Dangerous card
The resignation of David Laws as Chief Secretary to the Treasury draws some interesting parallels with disability, says Peter White
I was intrigued by one reaction to the spectacular fall of David Laws, who resigned after he was shown to have claimed parliamentary expenses for the rent he paid to his live-in lover.
He said he'd not wanted to reveal the nature of the relationship to his family, and that the relationship wasn't on a par with that of a spouse.
Ben Summerskill of the gay rights campaigning organisation Stonewall said he felt it was inappropriate to attribute a clear breach of parliamentary rules to the fact of Laws' being gay, or to possible reactions to it; and suggested that this implication of anticipated discrimination did nothing for the cause.
I have to say this struck a chord with me in relation to disability. Disabled people know between ourselves there's tacit recognition of "playing the disability card": using your disability to get something you want. Some disabled people disapprove of this and see what a hostage it is to fortune; but I'd say they're in a minority; and I certainly couldn't say with my hand on my heart that I've never done it: to explain work delivered late, to get a seat on a crowded train, to score a point in an argument.
But deep down, I know it's a dangerous game because it feeds into the very ignorance about disability we claim to hate.

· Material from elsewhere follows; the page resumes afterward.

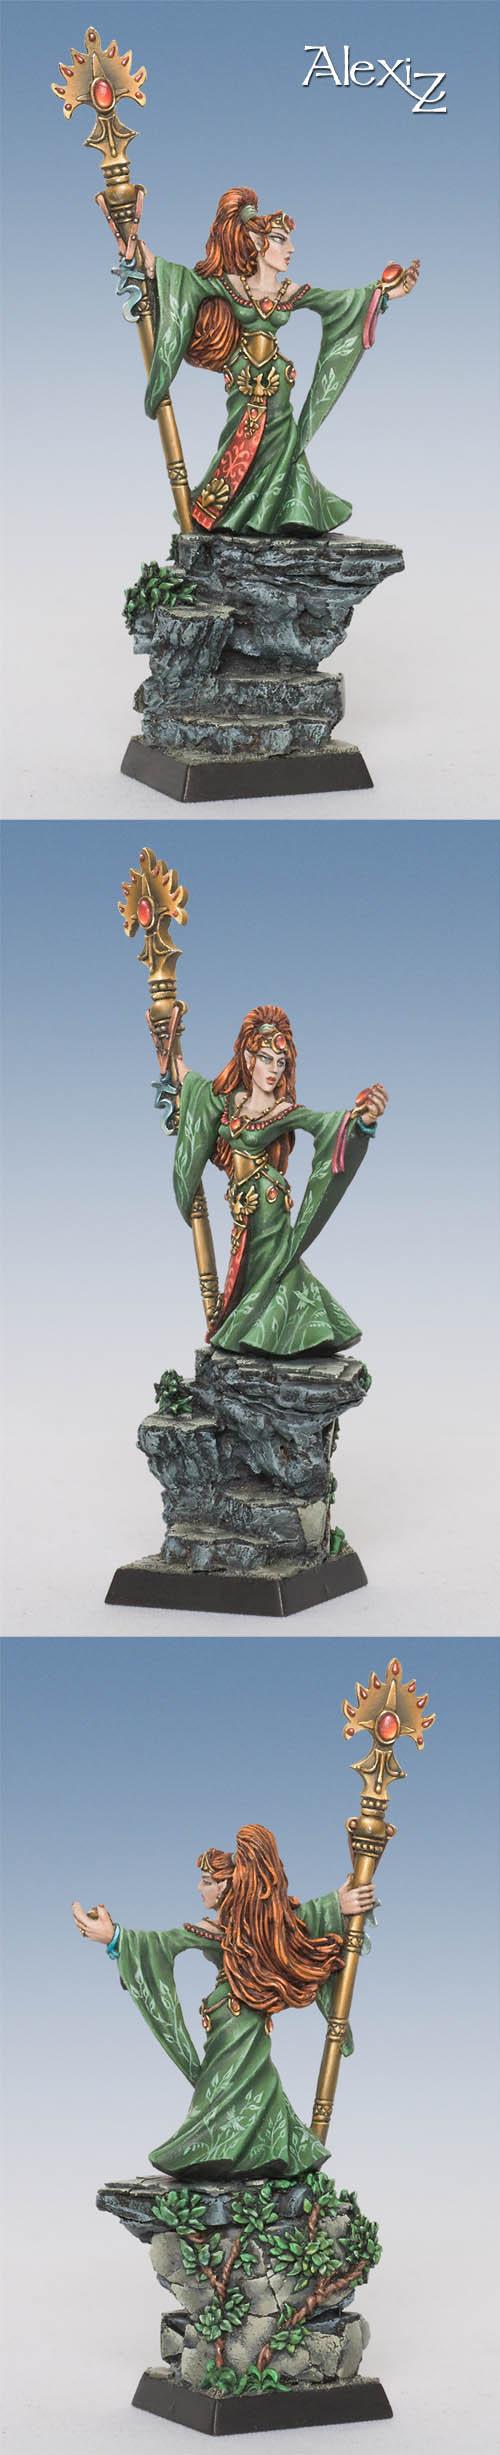 Alarielle, The Everqueen of Averlorn
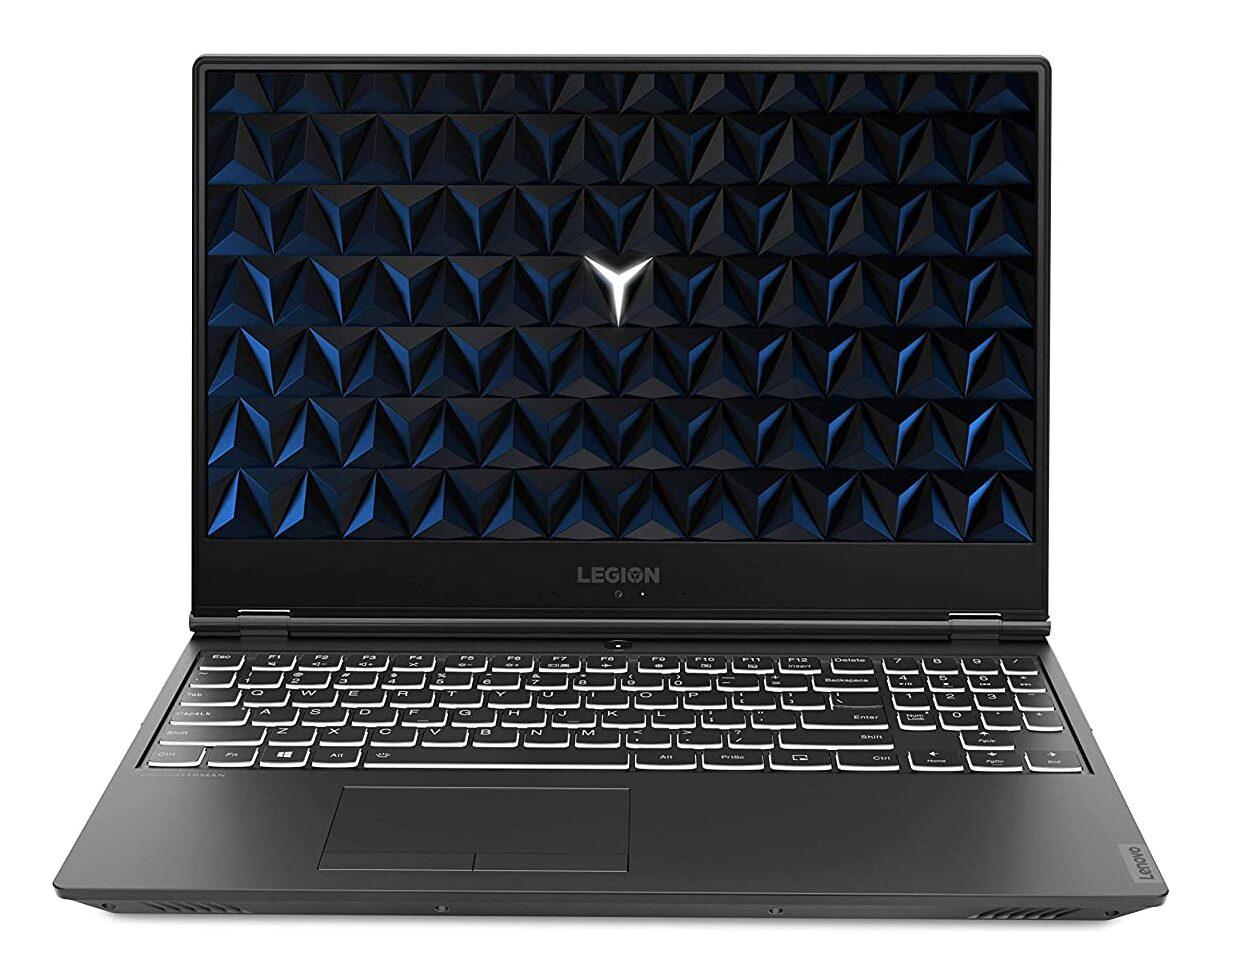 best laptop under 70000 in India 2020 - Lenovo Legion Y540 81SY00SUIN

To give just one example: I and other columnists for Disability Now often speak of our concern that governments confuse the fact that many unemployed disabled people want to work with the assumption that those who can't get work are in some sense not trying hard enough, or pleading disability as an excuse. In fact, there's a systemic problem and this is not, as some politicians like to hint, a case of mass-scrounging.
From what I hear from the new Government about more testing, and threats of benefit removal from those who fail these tests or won't take them, it seems the lesson has not been learned - despite recent research in Scotland where huge numbers of cases where people were judged fit for work after testing were being reversed on appeal.
The truth is, politicians just don't get disability and fall for the simplistic line that if benefit figures aren't dropping, people must be very skilled at bucking the system! Not so. The truth is that the jobs aren't there, the support isn't there, and employers still baulk at taking on disabled people.
We could help by not falling into the trap of attributing everything that happens to us, including perceived discrimination, as relating to our disability. After all, we don't like it when they do it to us!